Prepare the Cupcakes: Preheat the oven to 350°F (175°C) and line a 12-count cupcake tin with paper liners. In a medium bowl, whisk flour, baking powder, baking soda, and salt. In a large bowl, cream butter, oil, sugar, and lemon zest until smooth (about 2 minutes). Add the egg whites and lemon juice, then mix well. Stir in the blackberry sauce. Alternate adding the dry ingredients and buttermilk, starting with half of the dry mix, then all the buttermilk, and finally the remaining dry mix. Fill each cupcake liner about 2/3 full with batter. Bake for 15 to 20 minutes, until a skewer comes out clean. Cool for 10 minutes, then transfer to a wire rack to cool completely.
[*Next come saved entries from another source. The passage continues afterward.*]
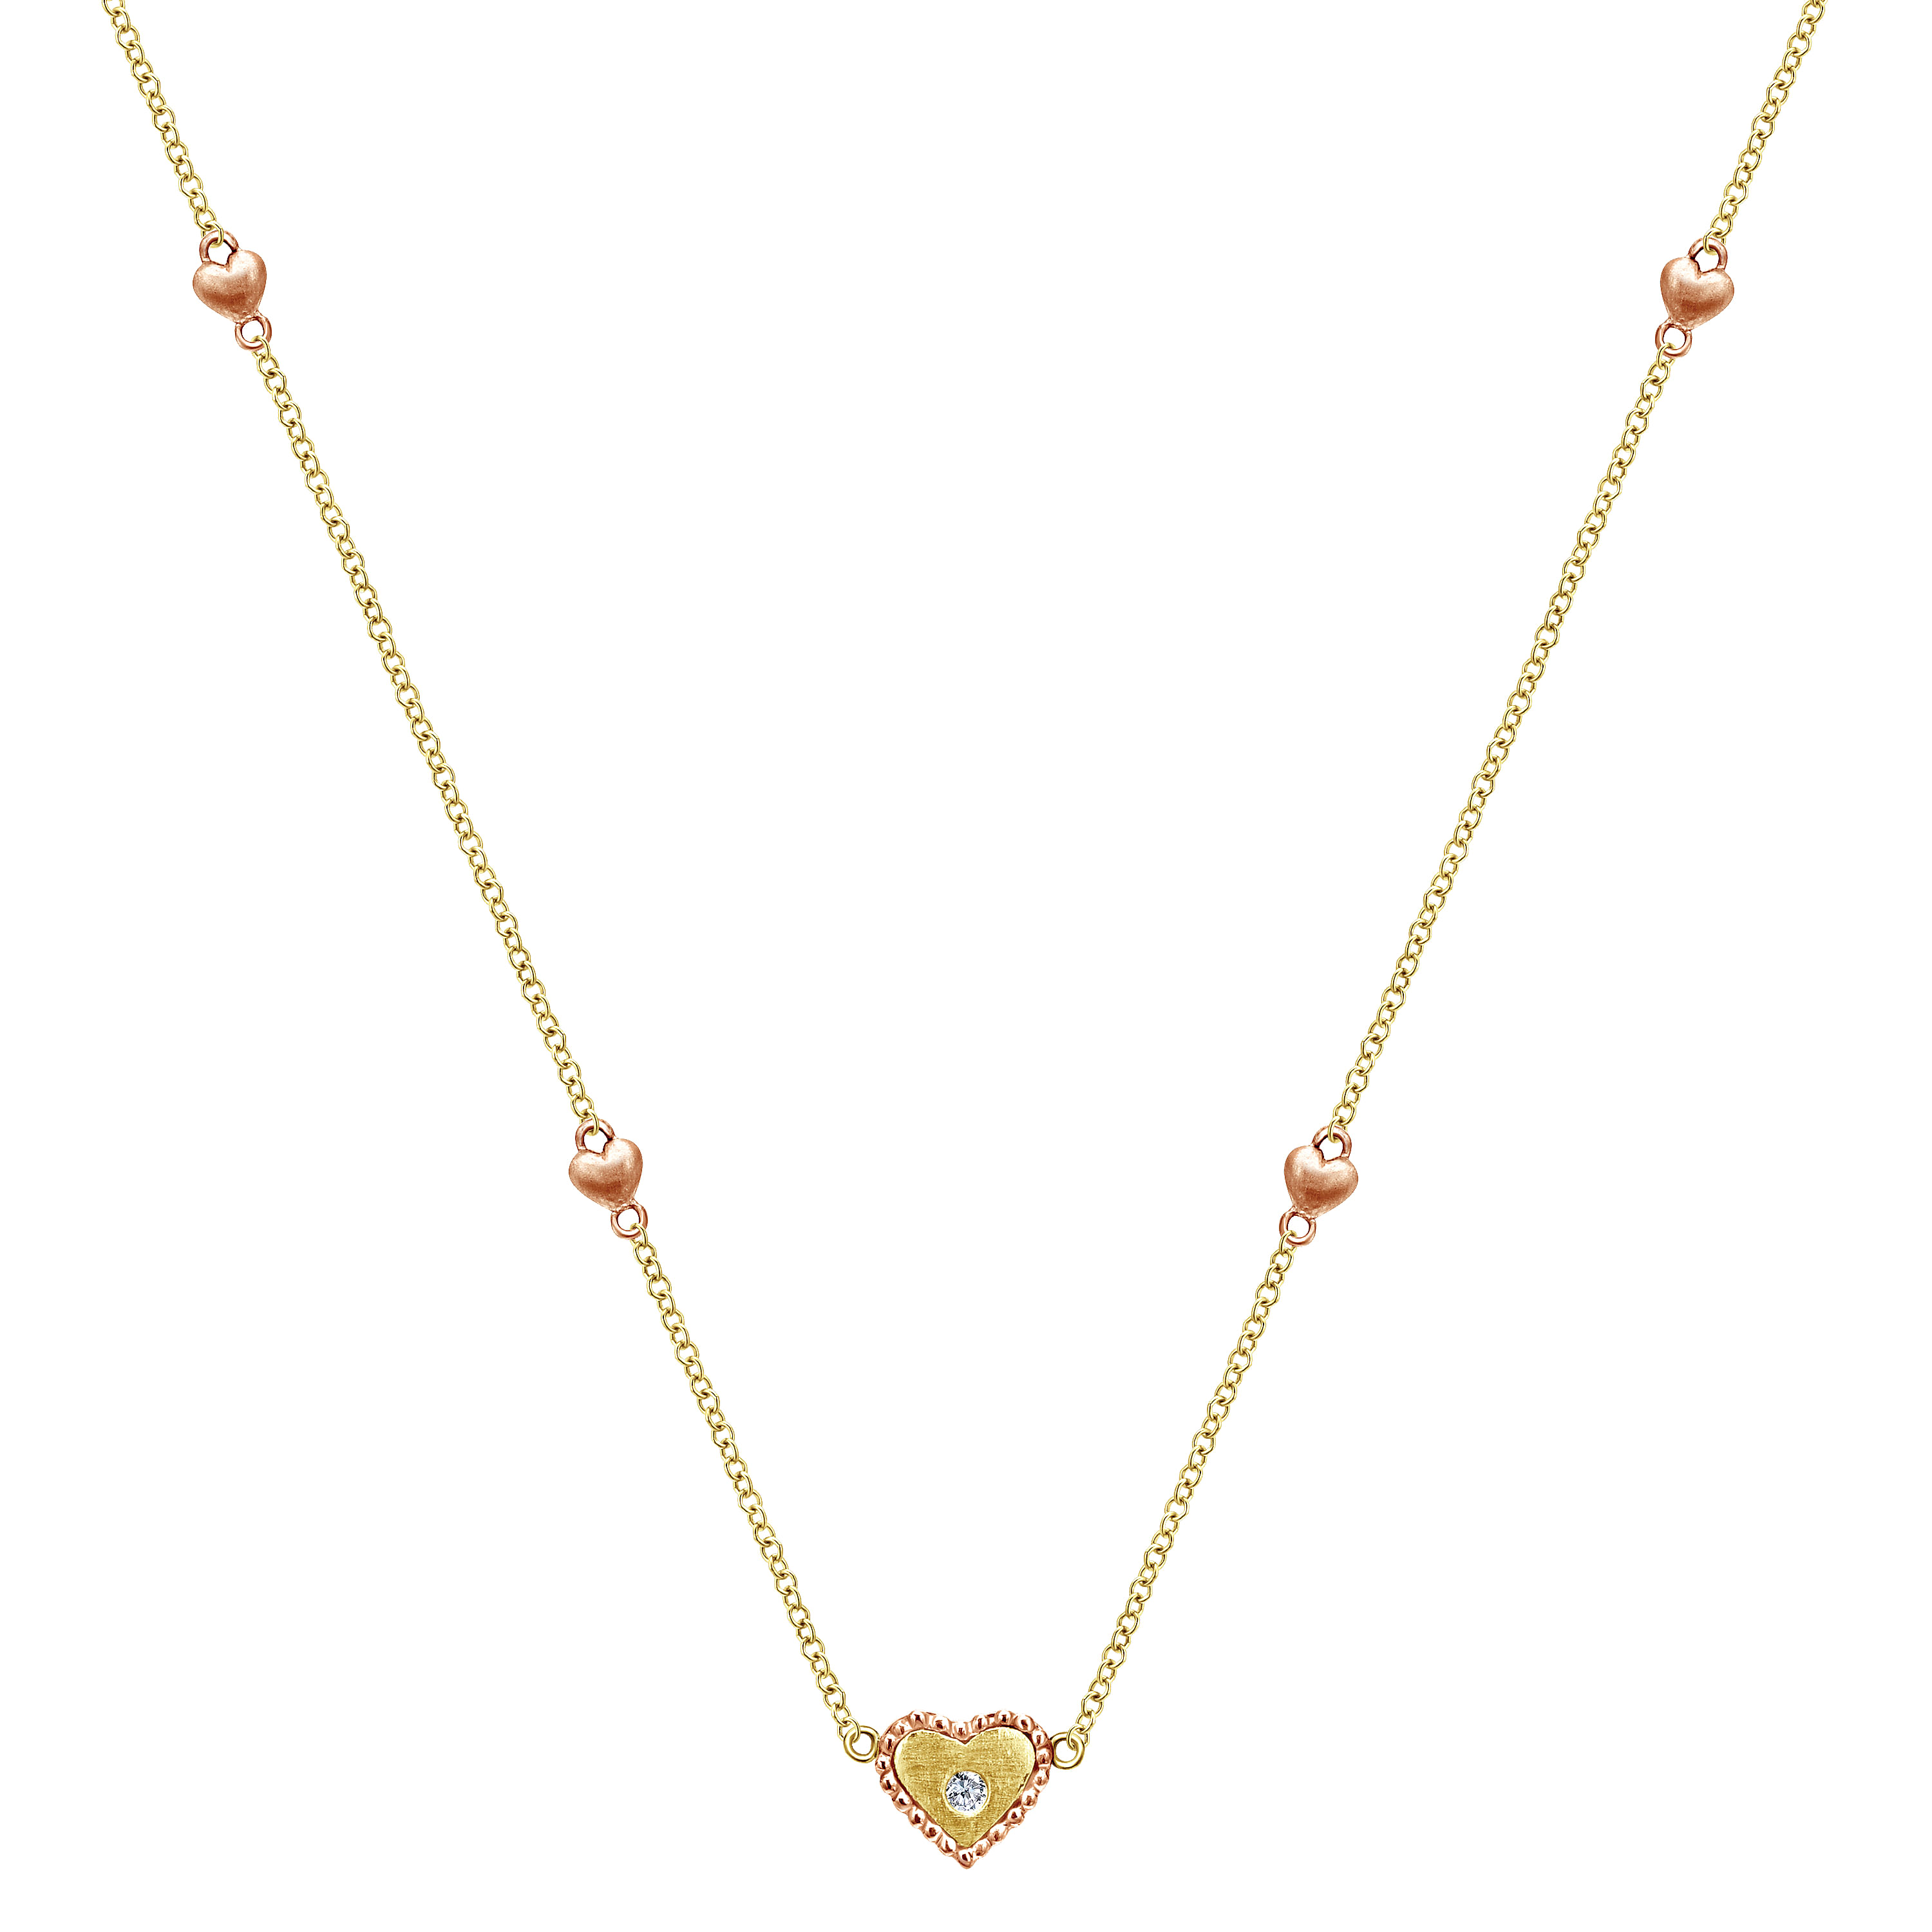 14k Yellow/Rose Gold Diamond Heart Station Necklace
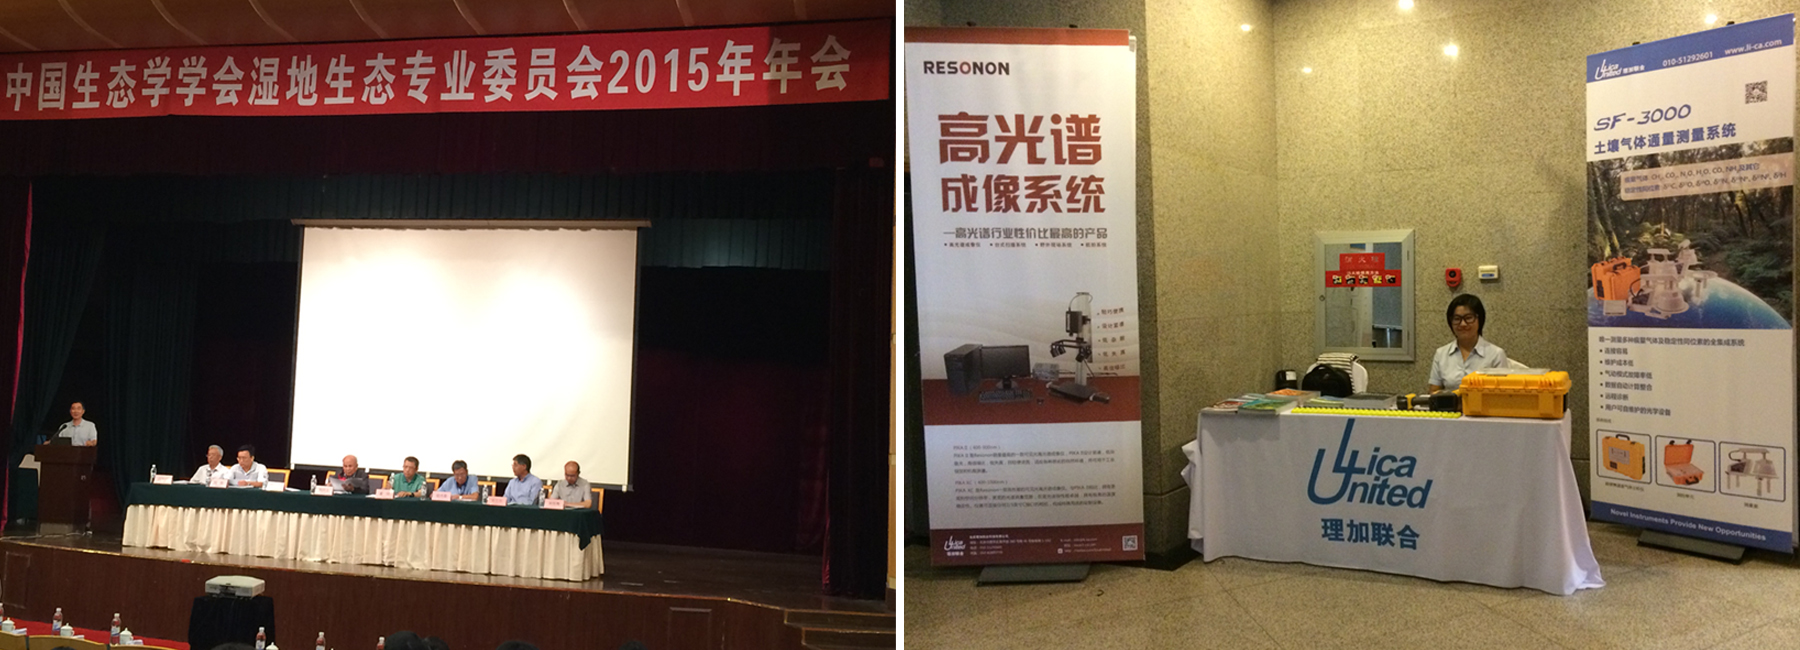 2015 Annual Meeting of Wetland Ecology Commitee, Ecological Society of China
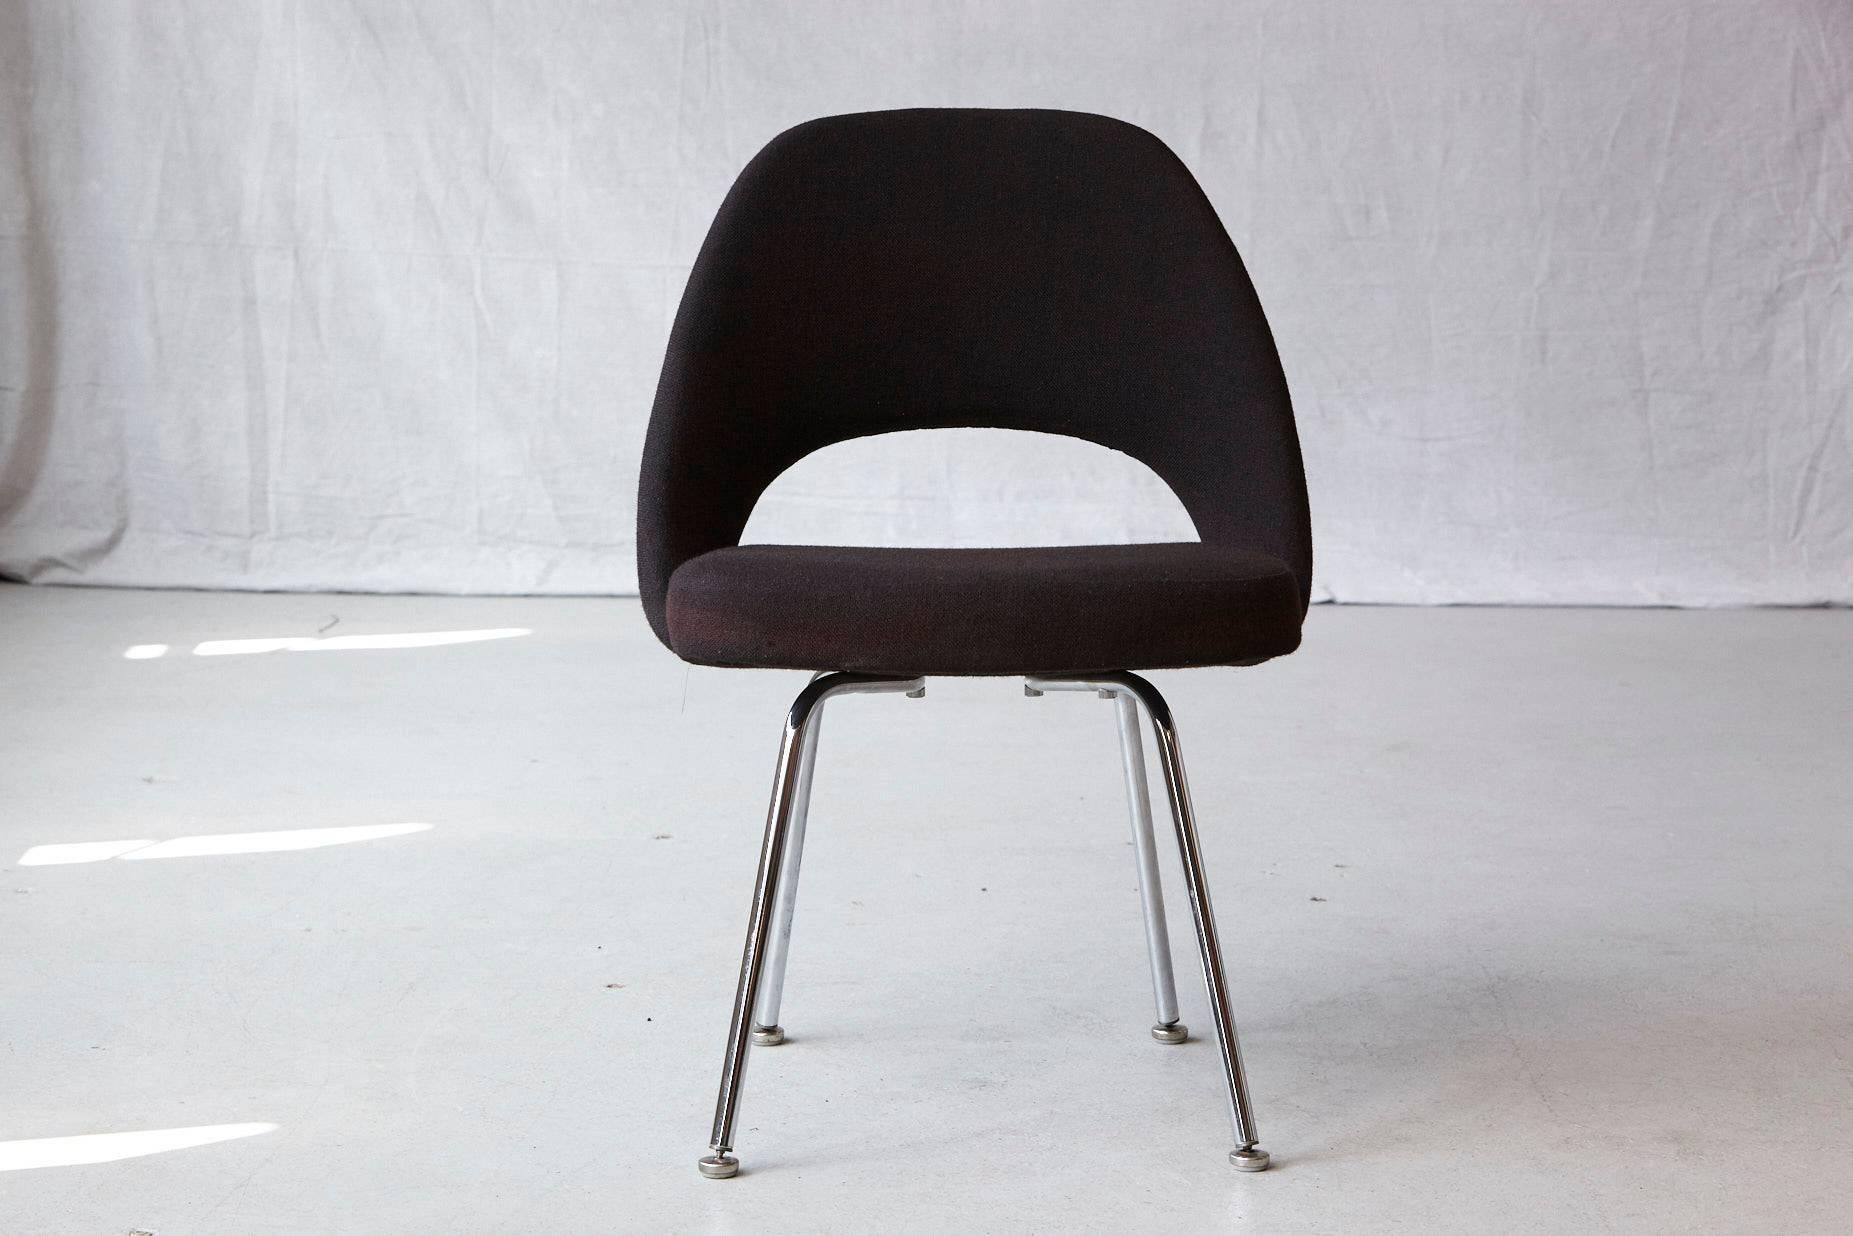 Original Eero Saarinen executive armless side or dining chair in black wool fabric with chrome legs.
Original fabric and foam in very good condition.
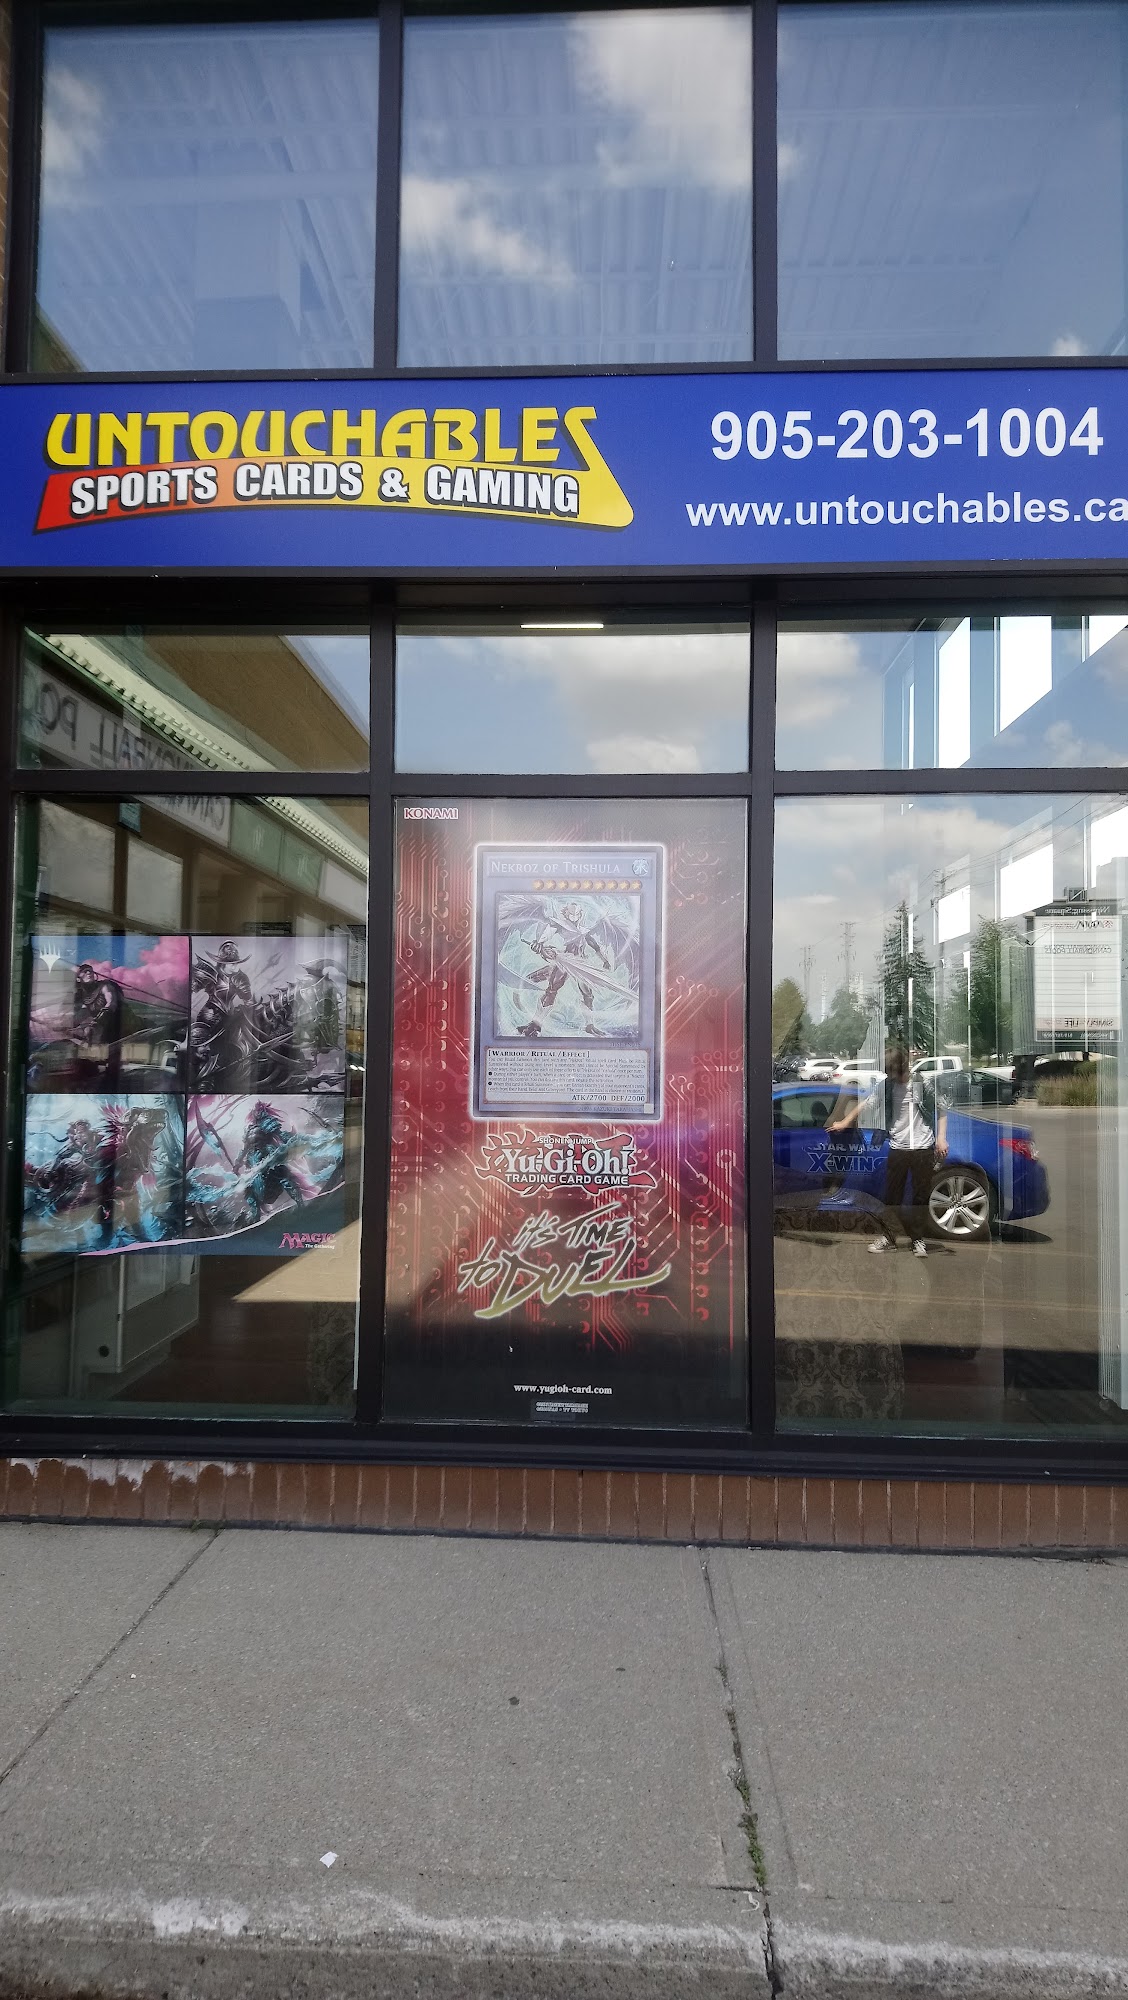 Untouchables Sports Cards & Gaming - Milton

Make the Blackberry Frosting: In a large bowl, cream together softened butter and powdered sugar until fluffy (about 2 minutes). Add 1/4 cup of blackberry sauce, mixing until the frosting is fluffy and pipeable. If needed, add more blackberry sauce to adjust the consistency.
Assemble: (Optional) Core the cooled cupcakes and fill them with blackberry sauce. Seal the cupcake with the cut-out piece of cake. Frost the cupcakes with the blackberry buttercream and decorate with fresh blackberries if desired. Enjoy your delicious blackberry cupcakes!
How to Serve Blackberry Cupcakes
Serve the blackberry cupcakes on a nice plate or a cupcake stand. They pair wonderfully with a cup of tea or coffee. For extra flair, consider adding a dollop of whipped cream on top or pairing them with a scoop of vanilla ice cream.
How to Store Blackberry Cupcakes
Store the blackberry cupcakes in an airtight container at room temperature for up to three days. If you want to keep them longer, you can store them in the refrigerator for up to a week. Just make sure to allow them to reach room temperature before serving for the best flavor!
Tips to Make Blackberry Cupcakes
- Make sure the butter is softened to room temperature for easier mixing.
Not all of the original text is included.